In his brief seeking U.S. Supreme Court review, WLF lawyer Richard Samp says using the money "without the consent and usually without the knowledge" of clients must be stopped, or at least that the professionals feeding the accounts should be fairly compensated. Samp says his group targeted the Washington program because the state supreme court, as opposed to the legislature, initiated it.

"We see this as an end-run around the democratic process," Samp says. The Legal Foundation of Washington, established by the state high court in 1984 to oversee the funds, contends that a "takings" claim is unfounded.

"The program requires that lawyers be careful not to put money into the IOLTA account if it could garner interest for a client," says David Burman, a partner in the Seattle office of Perkins Coie who represents the program and the justices of the Washington Supreme Court, who are named in the suit.

IOLTA funds accumulate from transactions so small or amounts held for such a short time that they earn only negligible interest, he explains.
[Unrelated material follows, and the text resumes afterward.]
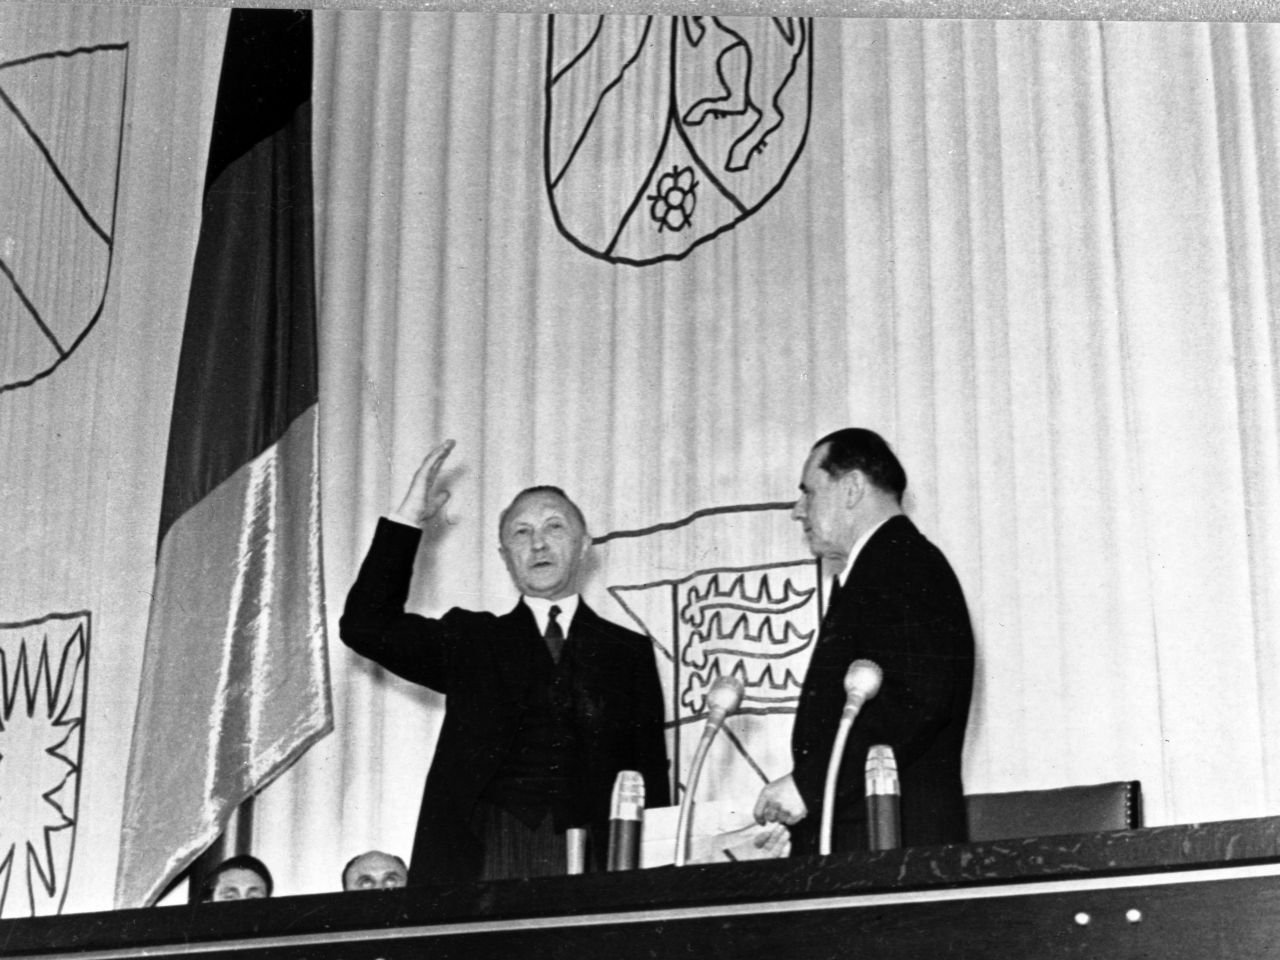 Fotografie der Vereidigung von Bundeskanzler Konrad Adenauer vor dem Deutschen Bundestag durch Bundestagspräsident Erich Köhler, 20. September 1949.

Once these tiny amounts are pooled, however, they yield interest of about $4 million a year in Washington.

Burman dismisses the contention that the state supreme court inappropriately wielded its power, noting that the Washington legislature grants the court "complete authority to regulate the bar."

This is the WLF's third crack at state IOLTA programs. The 1st Circuit rejected a challenge to Massachusetts' initiative in 1993. The panel -- including now-Supreme Court Justice Stephen Breyer -- ruled that clients could not claim the interest as private property.
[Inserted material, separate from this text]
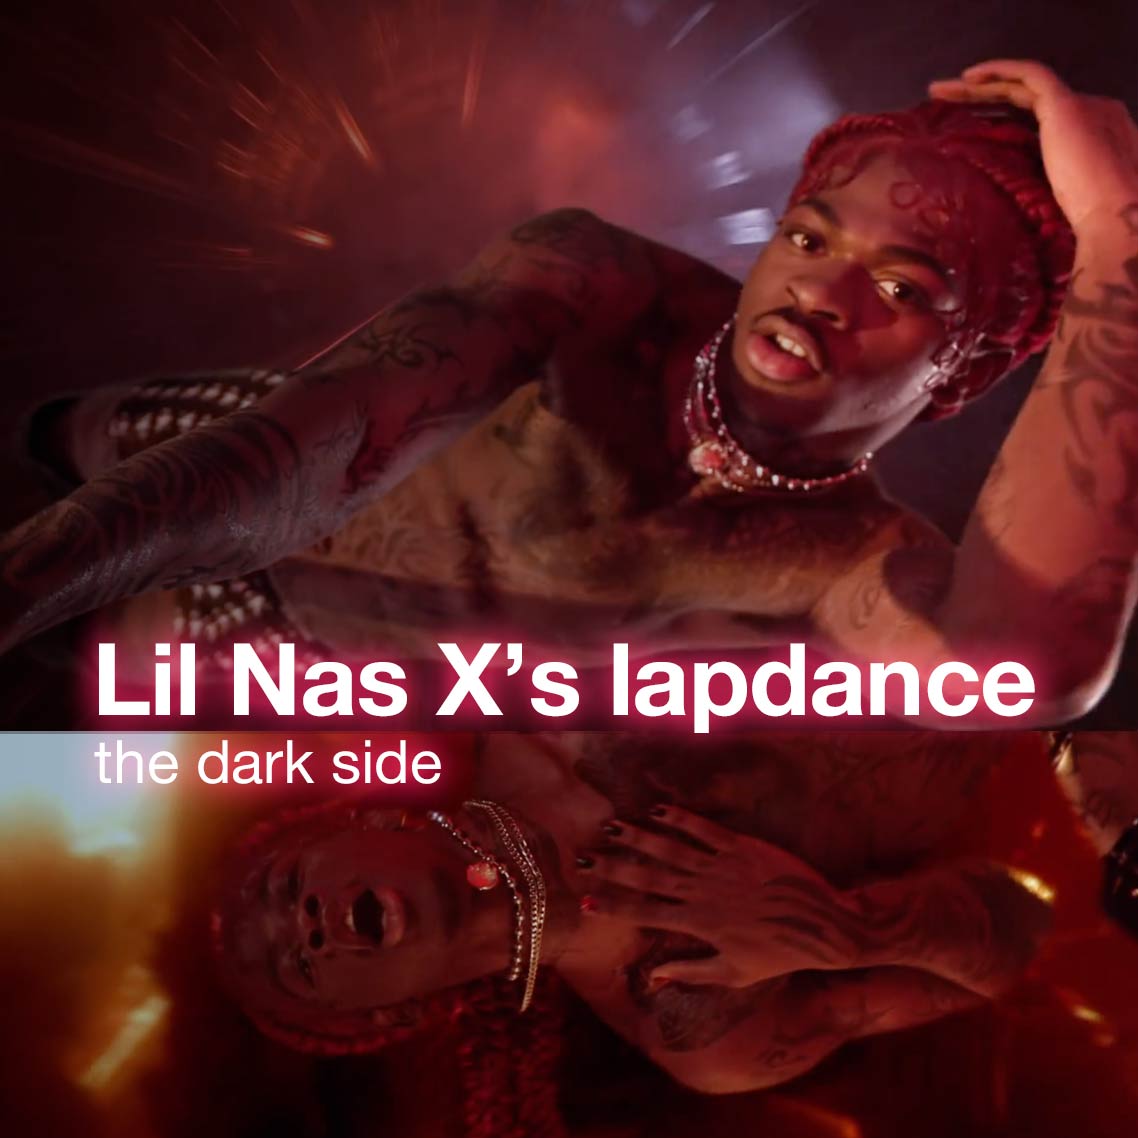 Lil Nas X's lapdance

Arguments against the Texas IOLTA fared better. The 5th Circuit ruled that clients could assert a property right over the interest, though it did not determine whether the IOLTA program qualified as an unconstitutional taking. In June 1998, the U.S. Supreme Court upheld the decision, 5-4, in Phillips v. Washington Legal Foundation and sent the case back down.

On remand, a 5th Circuit panel found that IOLTA constituted a "taking" that could invalidate the program. A motion for the court to rehear the case en banc is pending.
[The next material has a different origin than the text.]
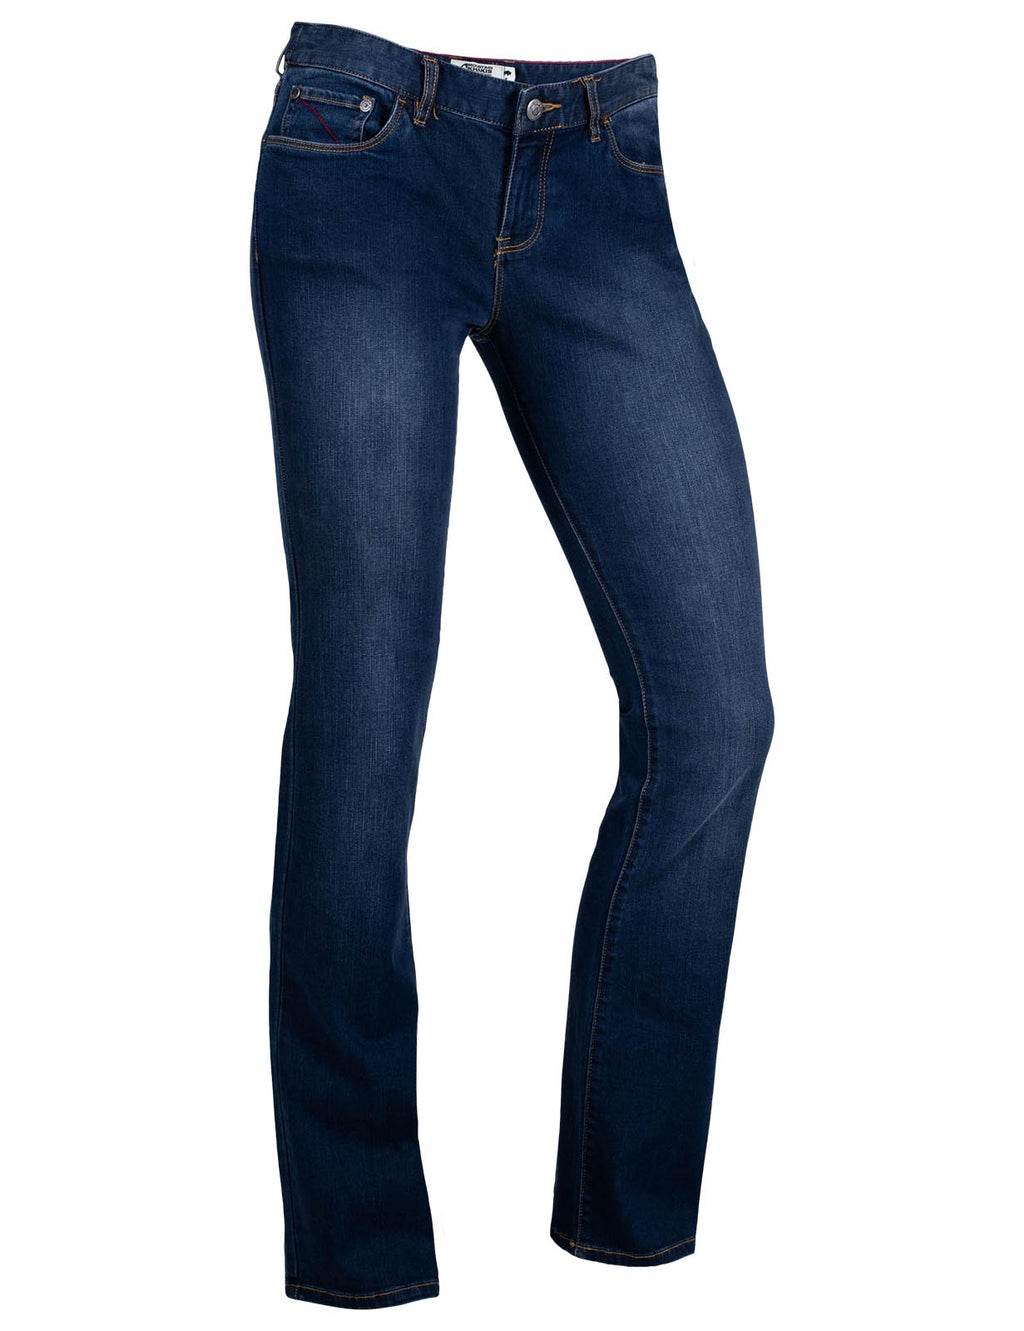 khaki jeans womens bootcut

Attorneys for both sides agree the issue is a strong contender for Supreme Court review, though they think the Court may hold off until the 5th Circuit decides whether to rehear the Texas challenge.

OTHER CASES UP FOR REVIEW

June 6:

o Krilich v. United States, No. 01-1277. Habeas corpus claim and violation of Fifth Amendment right against self-incrimination.

o New York City Housing Authority v. Davis, No. 01-1466. Public housing admissions quotas based on race and income.

o Oregon Arena Corp. v. Lee, No. 01-1488. Free speech in public forum when forum is privately operated.

o National Electrical Manufacturers Association v. Sorrell, No. 01-1489. First Amendment rights of commercial speech in labeling of hazardous substances.

June 13:

o Balderas v. Texas, No. 01-1196. Congressional redistricting to create majority Latino voting districts.

o Cohen v. United States, No. 01-1234. Conspiracy in offshore Internet gambling.

o Satellite Broadcasting and Communications Association v. Federal Communications Commission, No. 01-1332. First Amendment challenge to satellite cable station-carrying requirements.

o Ohio Environmental Protection Agency v. Nihiser, No. 01-1357. State agency waiving 11th Amendment immunity by accepting federal funds.

o Scarborough v. Principi, No. 01-1360. Application for attorney fees under the Equal Access to Justice Act.

o Detroit v. Lac Vieux Desert Band of Lake Superior Chippewa Indians, No. 01-1515. First Amendment challenge to casino-license preference program.